Recognized role markers:

system: → { role: "system", content: "..." }
user: → { role: "user", content: "..." }
assistant: → { role: "assistant", content: "..." }

The Executor takes the list of messages and calls the LLM provider. It handles API type dispatch — routing to the appropriate SDK method based on agent.model.apiType.

PropertyValue
Registration keyagent.model.provider
Built-in implementationsOpenAIExecutor ("openai"), AzureExecutor ("azure")
Inputlist[Message] + PromptAgent (for config)
OutputRaw SDK response object

API type dispatch:

apiTypeSDK methodUse case
"chat" (default)chat.completions.create()Conversational prompts
"embedding"embeddings.create()Text → vector embeddings
"image"images.generate()DALL-E image generation
"responses"responses.create()OpenAI Responses API (latest features)

The Processor takes the raw SDK response and extracts clean, usable content. What “clean” means depends on the response type.

PropertyValue
Registration keyagent.model.provider
Built-in implementationsOpenAIProcessor ("openai"), AzureProcessor ("azure")
InputRaw SDK response + PromptAgent
OutputProcessed result (string, list, dict, parsed JSON, etc.)

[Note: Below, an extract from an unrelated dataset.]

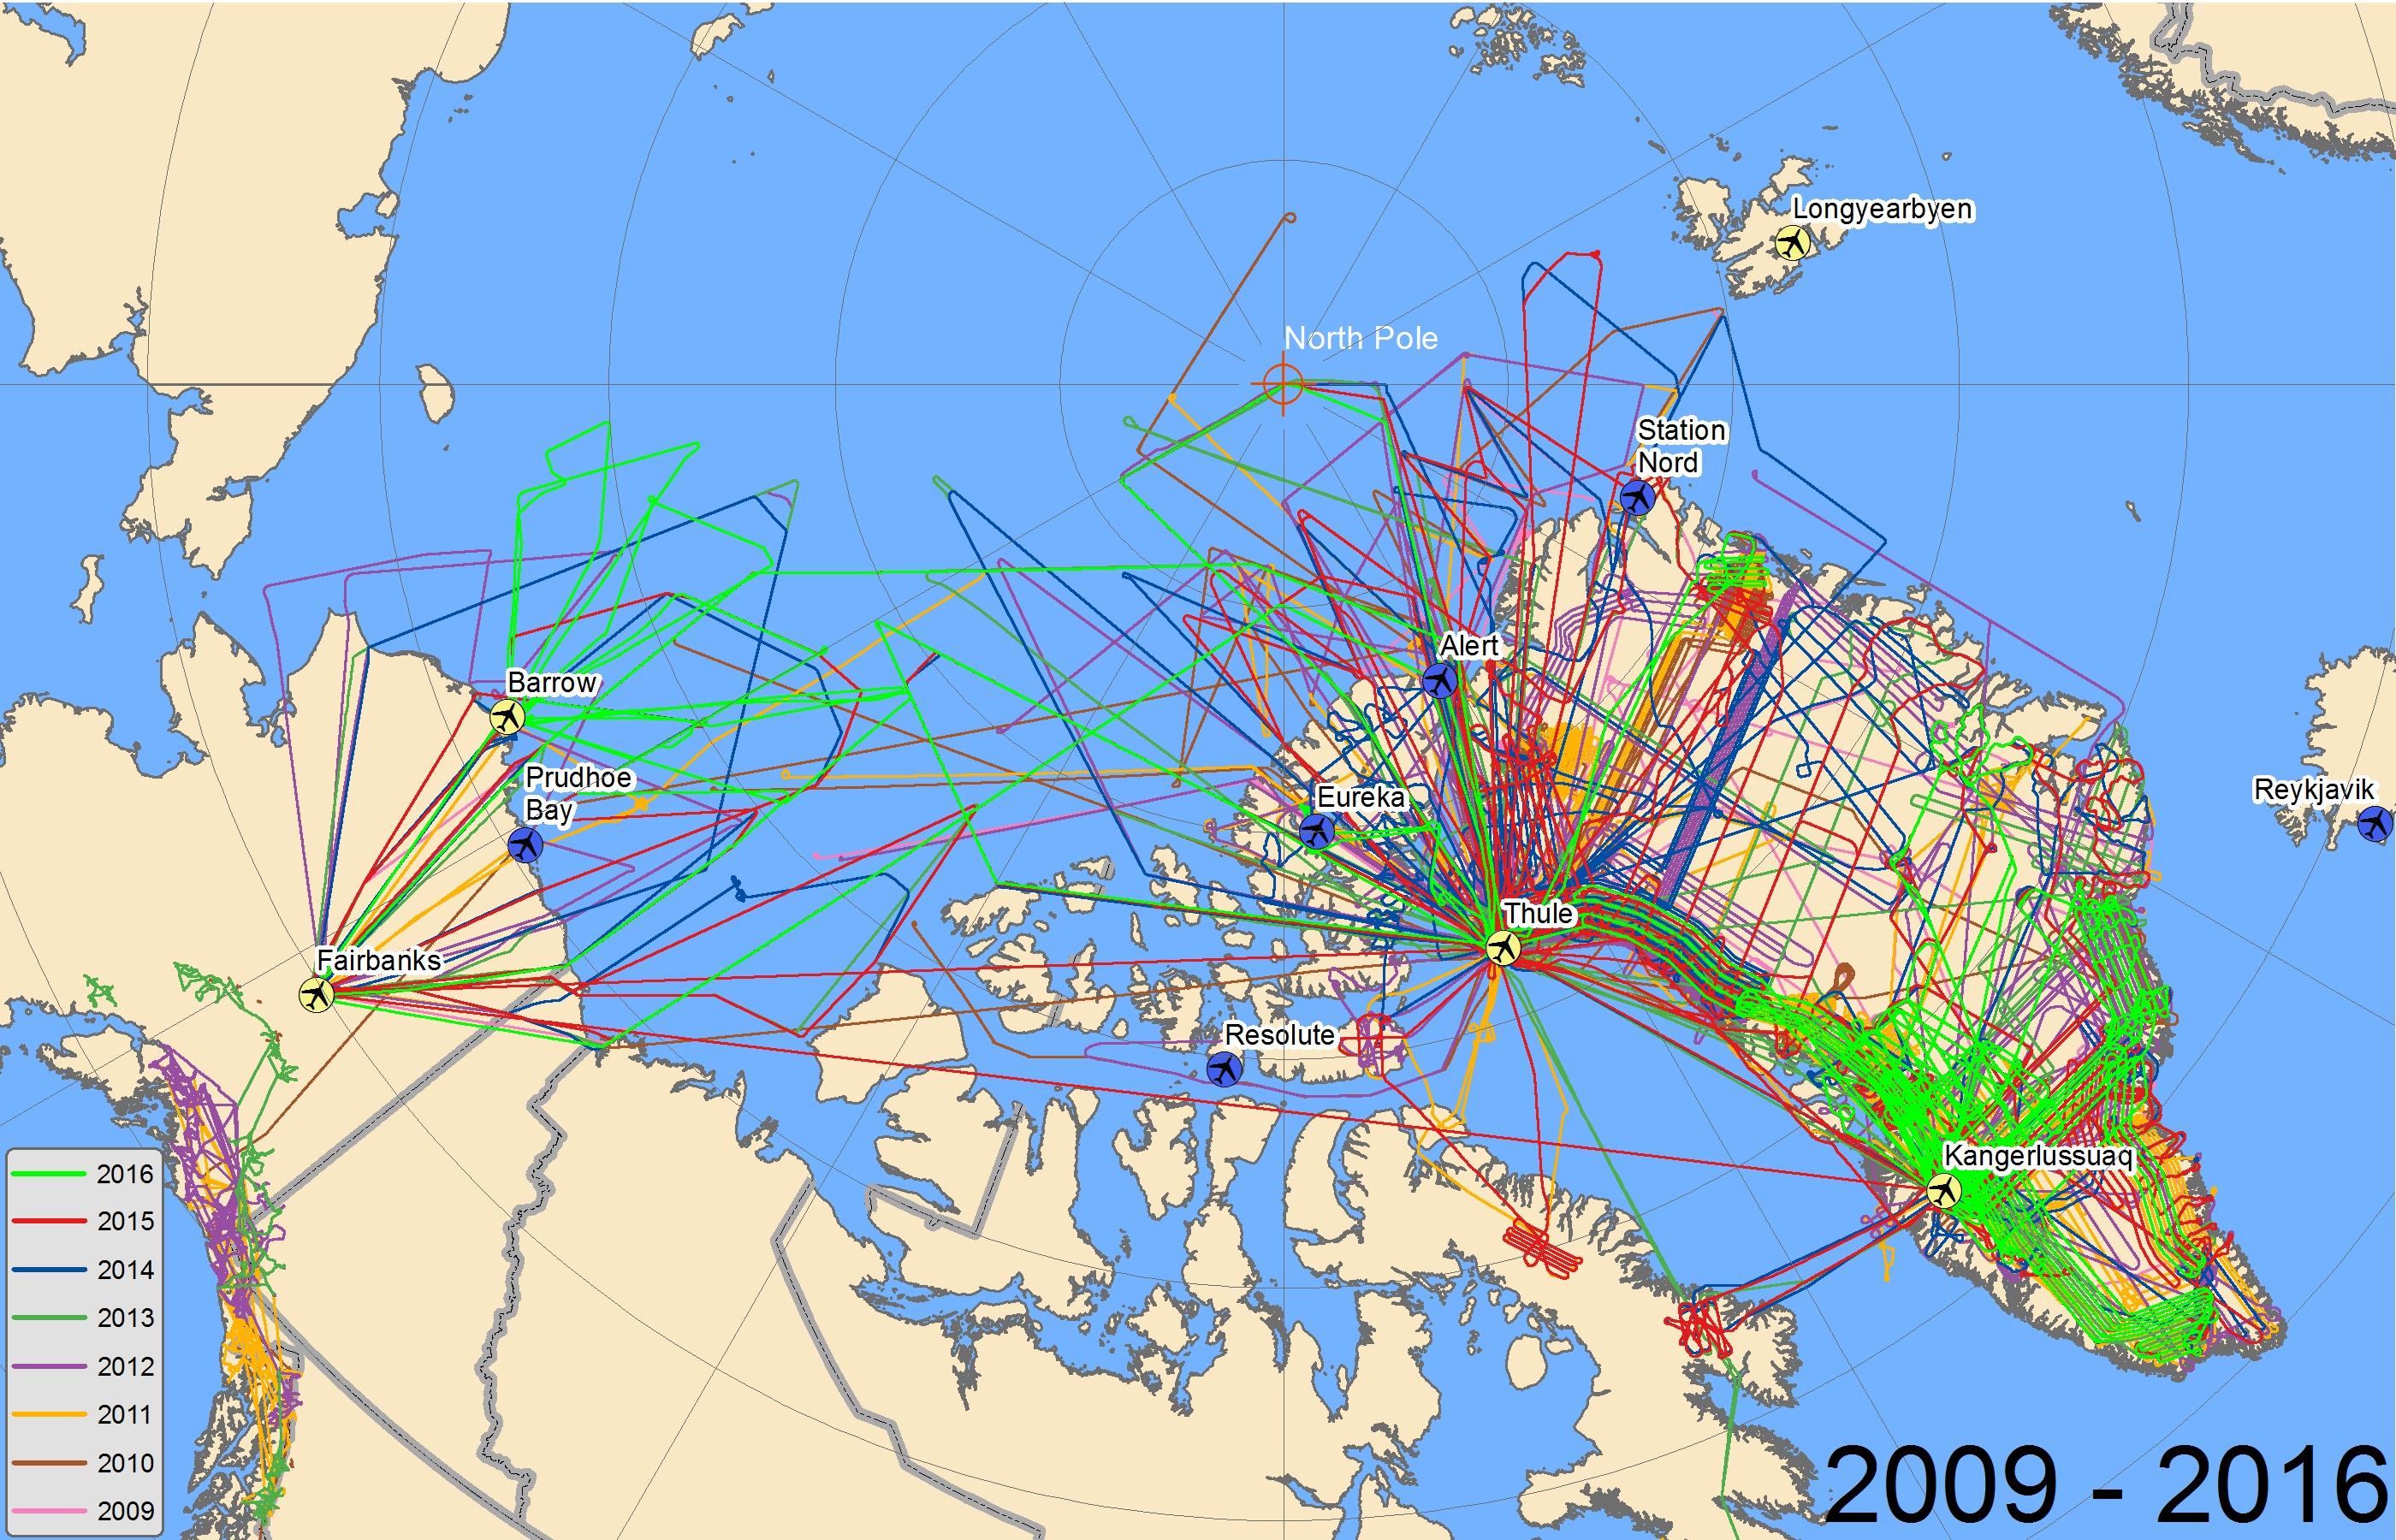 Arctic flights 2009-2016

Processing by response type:

Response typeOutput
Chat completionstr — the message content
Embeddinglist[float] or list[list[float]]
Imagestr — URL or base64 data
StreamingPromptyStream / AsyncPromptyStream iterator
Structured outputParsed dict matching outputSchema

You don’t always need the full pipeline. Prompty provides convenience functions that map to specific stage groupings:

graph LR
  subgraph render ["render()"]
    R["Renderer"]
  end

  subgraph parse ["parse()"]
    P["Parser"]
  end

  subgraph prepare ["prepare() — render + parse + thread expansion"]
    R2["Renderer"] --> P2["Parser"]
  end

  subgraph run ["run() — execute + process"]
    EX["Executor"] --> PR["Processor"]
  end

  subgraph execute ["execute() — full pipeline: load → render → parse → execute → process → result"]
    L["Load"] --> R3["Renderer"] --> P3["Parser"] --> EX2["Executor"] --> PR2["Processor"] --> RES["Result"]
  end
from prompty import load, prepare, execute
from prompty.core.pipeline import render, parse, run, process
agent = load("chat.prompty")
inputs = {"firstName": "Jane", "question": "What is AI?"}
# Stage 1 only — render the template
rendered = render(agent, inputs)
# Stage 2 only — parse rendered string into messages
messages = parse(agent, rendered)
# Stages 1 + 2 — render, parse, and expand threads
messages = prepare(agent, inputs)
# Stages 3 + 4 — execute LLM call and process response
result = run(agent, messages)
# Full pipeline — load + prepare + run
result = execute("chat.prompty", inputs=inputs)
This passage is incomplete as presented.